When we register with any online or digital services, we sign an end user agreement. Such agreements detail how a company will collect, store and use the data related to the end users. These agreements are long and users don’t have time to read them thoroughly. However, these agreements are a rich source of material on which the company’s data retention and usage policies (data governance policy) are based on.

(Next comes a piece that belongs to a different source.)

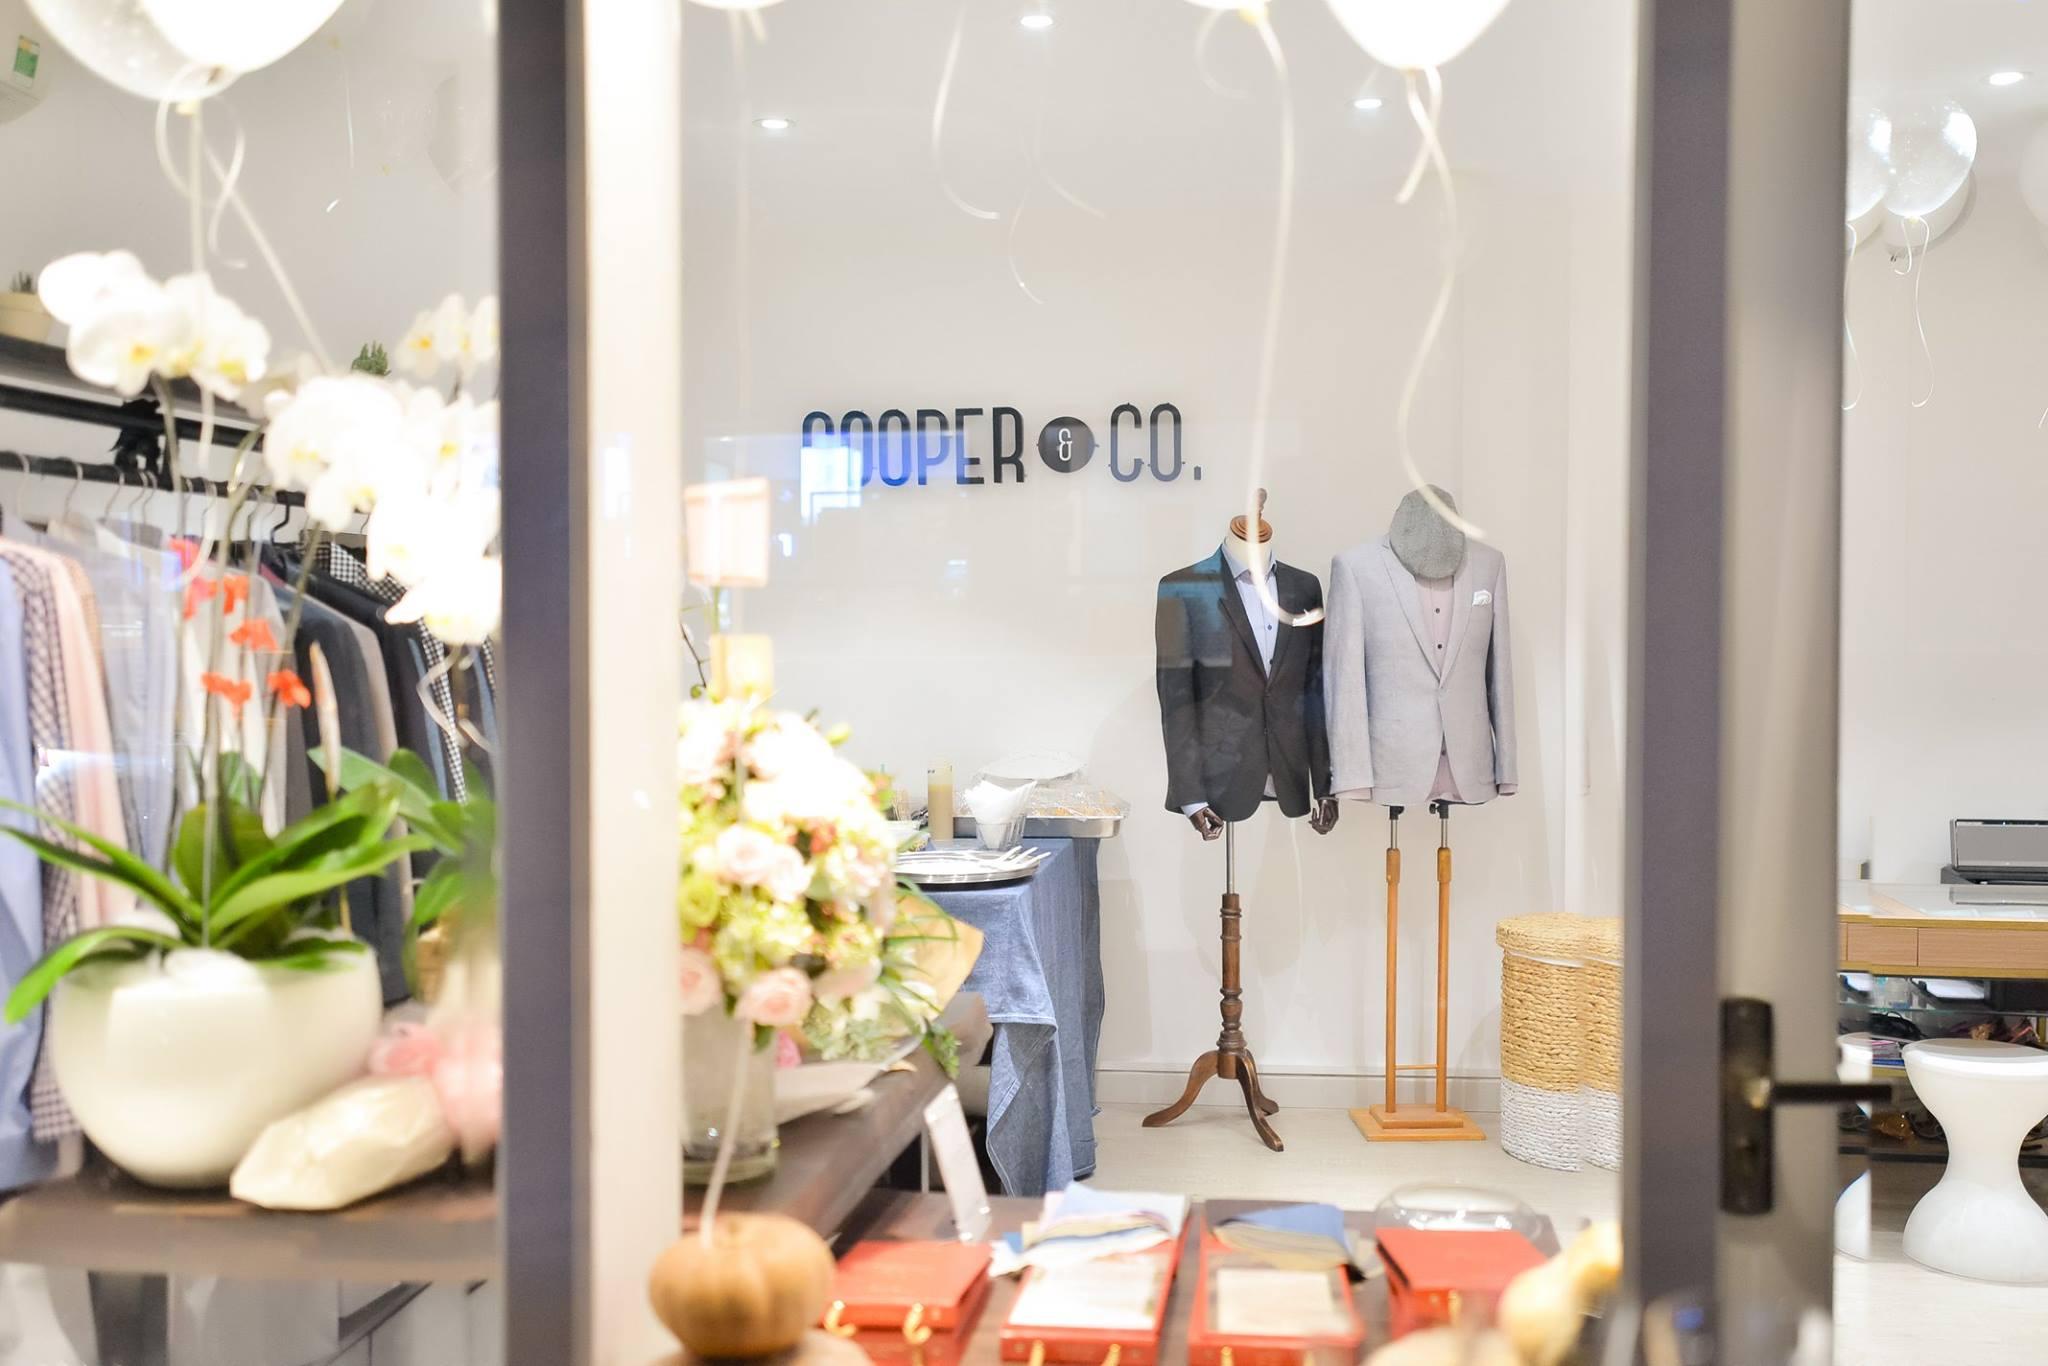 Cooper & Co. là một boutique chuyên về suit may đo (bespoke) dành cho nam giới

A data governance policy is a set of guidelines for ensuring the proper management of an organization’s digital information. Such guidelines can involve policies for data security, quality and privacy.
This project aims to build an automated toolset that analyse the end user agreement text and convert them into (enforceable) data governance policies. These policies can then be used to audit the data management of the relevant company to see whether they comply with their own set of policies as stipulated in the end user agreement. For data auditing purposes, the organisations data provenance records would be used as evidence to see whether the organisation is abiding with their own data governance policies. The toolset could also be used to verify whether an end user agreement of an organisation conforms to relevant data protection laws.
The student should have an interest in and willingness to learn basic human-language processing, ideally would have prior knowledge of data governance policies. Ideally, have a firm grasp of C or C++, Java and C# programming languages. Good time-management, self-starter and strong writing skills.
It is intended that once the implementation is working it can be used for practical trials, and we would anticipate a conference paper being submitted for publication based on the implementation and subsequent trials; the author of the code would be a co-author of this paper.